Corse, été 2019. Une jeune femme, Madeleine Pastor (Rebecca Marder) se baigne longuement. Plus tard, elle sort de l’eau pour rejoindre son compagnon, Antoine Mandeville (Benjamin Lavernhe), qui se prélasse au soleil méditerranéen, dans une magnifique villa dominant la mer. Les deux amoureux préparent l’oral de la prestigieuse E.N.A (École Nationale d’Administration), tremplin pour de grandes carrières dans la haute fonction publique.
Madeleine, tout juste diplômée de Sciences Po, est d’origine modeste : elle est native de Vénissieux, banlieue ouvrière de la mégalopole Lyonnaise. Son père, veuf, y séjourne encore. Toute accaparée par ses longues études, elle ne lui a pas vu rendu visite depuis des années et ne lui a donné aucun signe de vie.
Antoine est le fils unique d’une grande famille bourgeoise, les Mandeville ; son père Bertrand (Pascal Elso) est un important avocat lyonnais.
Au dîner du soir, sur la grande terrasse, autour de la table familiale, démarre une discussion animée : Madeleine et François affirment vouloir « changer les ligne » lorsqu’ils seront entrés dans la vie active après leur sortie de l’E.N.A. Ils ont des postures de gauche, plus en pointe pour Madeleine ; Bertrand moqueur, ironise sur la qualité de l’environnement et des biens matériels dont ils disposent, à leur gré, dans cette belle demeure estivale.
Une parente des Mandeville, la députée socialiste Gabrielle Dervaz (Emmanuelle Bercot) est amusée par les interventions enflammées des deux jeunes gens. L’élue interroge Madeleine très convaincue par l’urgente nécessité d’une réforme « révolutionnaire » du monde du travail.
En validant les propositions de Madeleine, Antoine déclare à son tour, péremptoire, que « lorsque l’on veut détourner un avion, il faut d’abord monter dedans ». Durant le diner, Bertrand, par ses incessantes remarques caustiques, agace son fils.
Le lendemain, Madeleine et Antoine apprennent qu’ils sont admis à l’oral de l’E.N.A. Fous de joie, ils décident d’aller se baigner sur une belle plage d’alentour. Ils empruntent une voiture ; Antoine est au volant … Sur une petite route un incident tragique éclate …
De grandes espérances n’est que le troisième long métrage de Sylvain Descloux (50 ans). Sa précédente œuvre est un documentaire, Campagne de France (2022), sur l’affrontement de trois candidats lors de la campagne pour les élections municipales de 2020 de Preuilly-sur-Claise (1.000 habitants), commune rurale d’Indre et Loire.

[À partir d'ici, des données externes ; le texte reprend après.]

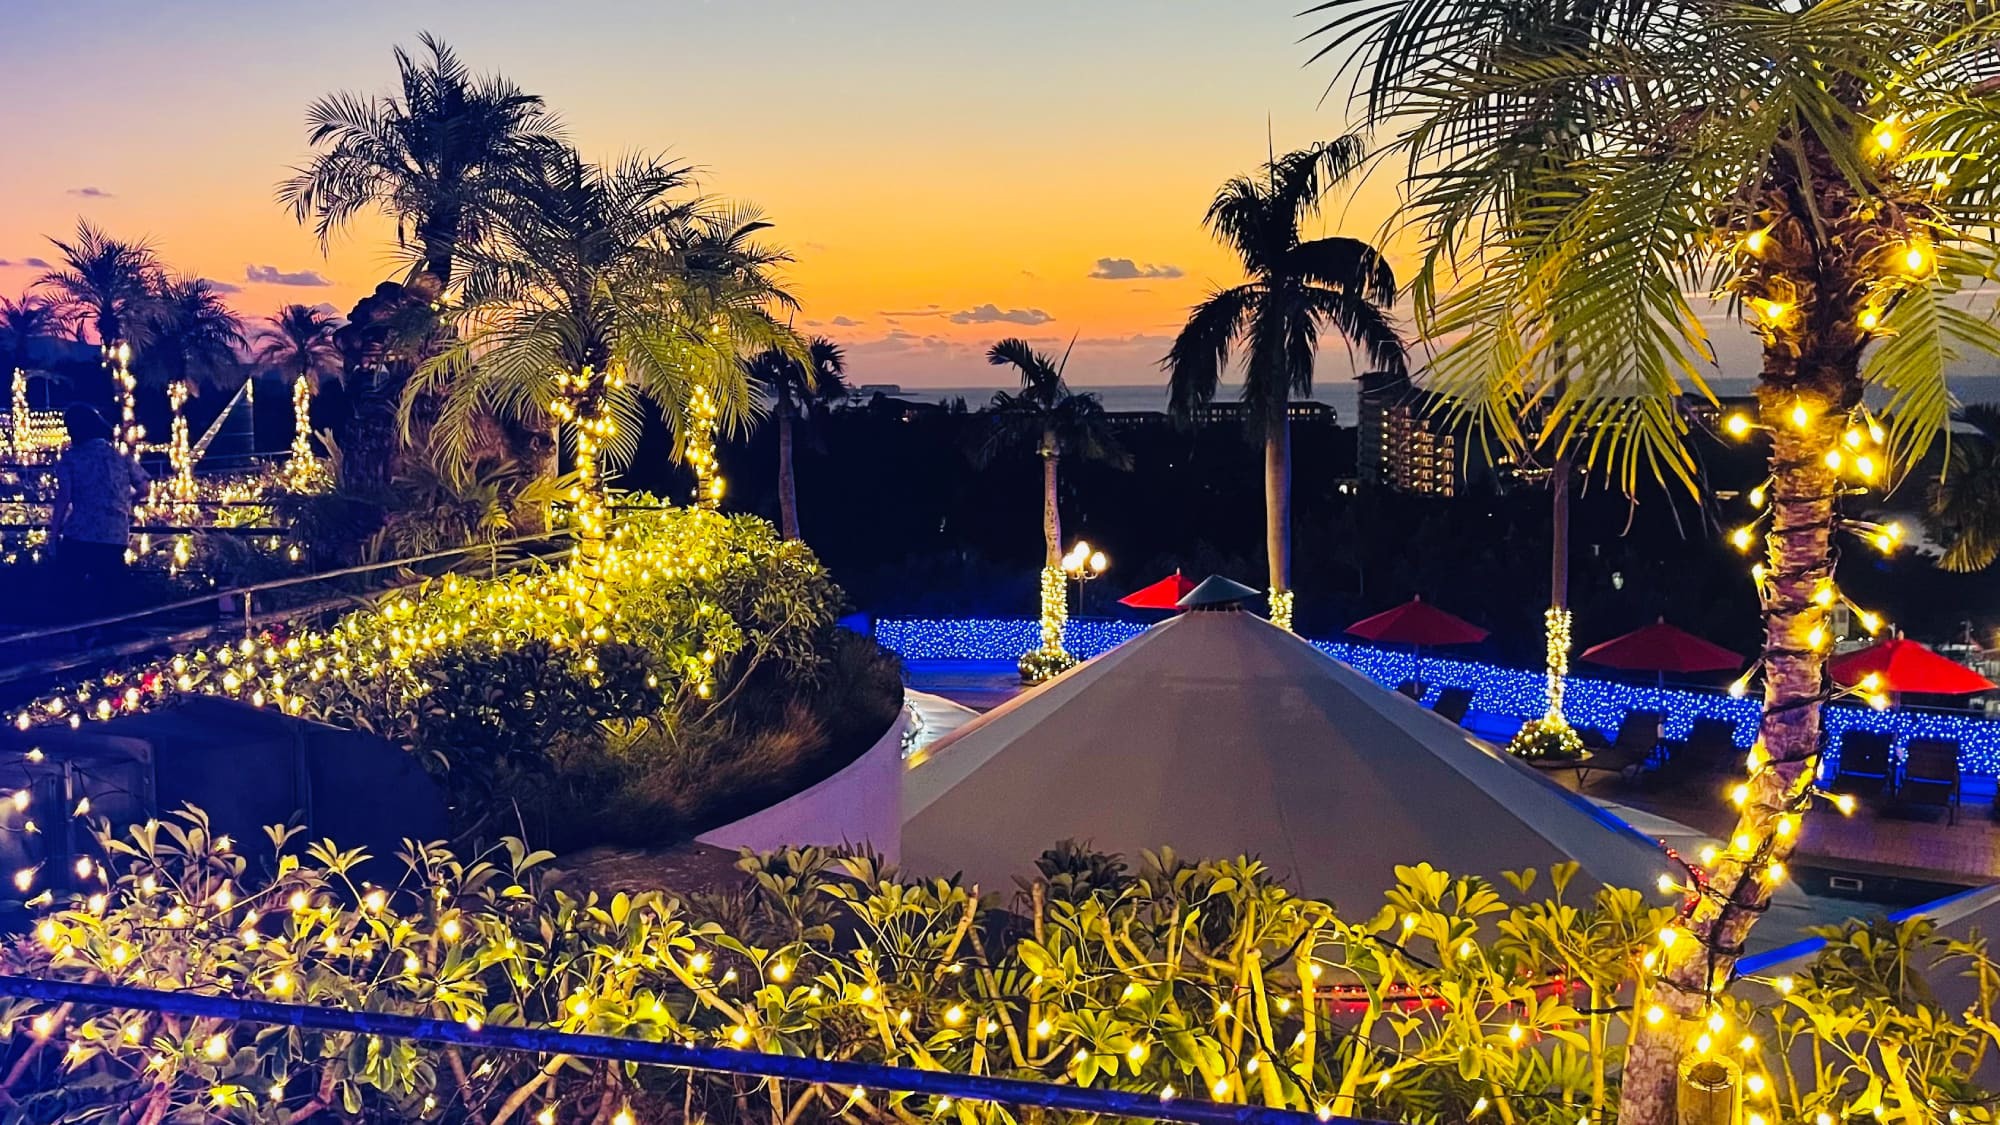 ムード満点美しい東シナ海の夕焼けと【期間限定】イルミネーションをお楽しみください。

Dans ce dernier opus, le réalisateur, coscénariste avec Pierre Ewan Guillaume, poursuit sa quête politique par une fiction documentée : Madeleine, brillante étudiante « transclasse » (transfuge de classe), issue d’un milieu populaire, entretient une liaison amoureuse avec Antoine, un « fils à papa » de la grande bourgeoisie lyonnaise. Tous deux ont une sensibilité politique de gauche : l’une viscérale, Madeleine, l’autre bien-pensante, Antoine (« gauche caviar »).
La députée ambitieuse, ambiguë, Gabrielle Dervaz (magnifiquement campée par Emmanuelle Bercot) fera, à son insu, le pont entre ces deux protagonistes.
De grandes espérances est un thriller psychologique sur les comportements humains, les choix assumés, face à un drame : selon que l’on soit riche ou pauvre, la résolution du problème ne sera pas la même. Les entourages familiaux réagiront différemment, avec leurs propres armes, pour faire face à cette douloureuse affaire.
Le réalisateur nous propose une galerie de portraits acides mais lucides, des intervenants de ce drame. Le champ social élargi par cette dramaturgie, est bien plus flou, plus méandreux, plus complexe, que celui de l’habituelle opposition manichéenne prolétaires/bourgeois.
Le nouveau film de Sylvain Desclous est sagement, sobrement, mise en scène mais avec efficacité ; il s’attache à décrire le comportement des personnages, avec une focale sur Madeleine (interprétée avec subtilité par Rebecca Marder), un soldat, prise dans un étau qu’elle s’efforce de desserrer par son intelligence et son opiniâtreté.
De grandes espérances est un film français de qualité dont le scénario « bien ficelé », nous fait appréhender, sans didactisme, en sous-texte, les contradictions de notre société fragmentée du chacun pour soi.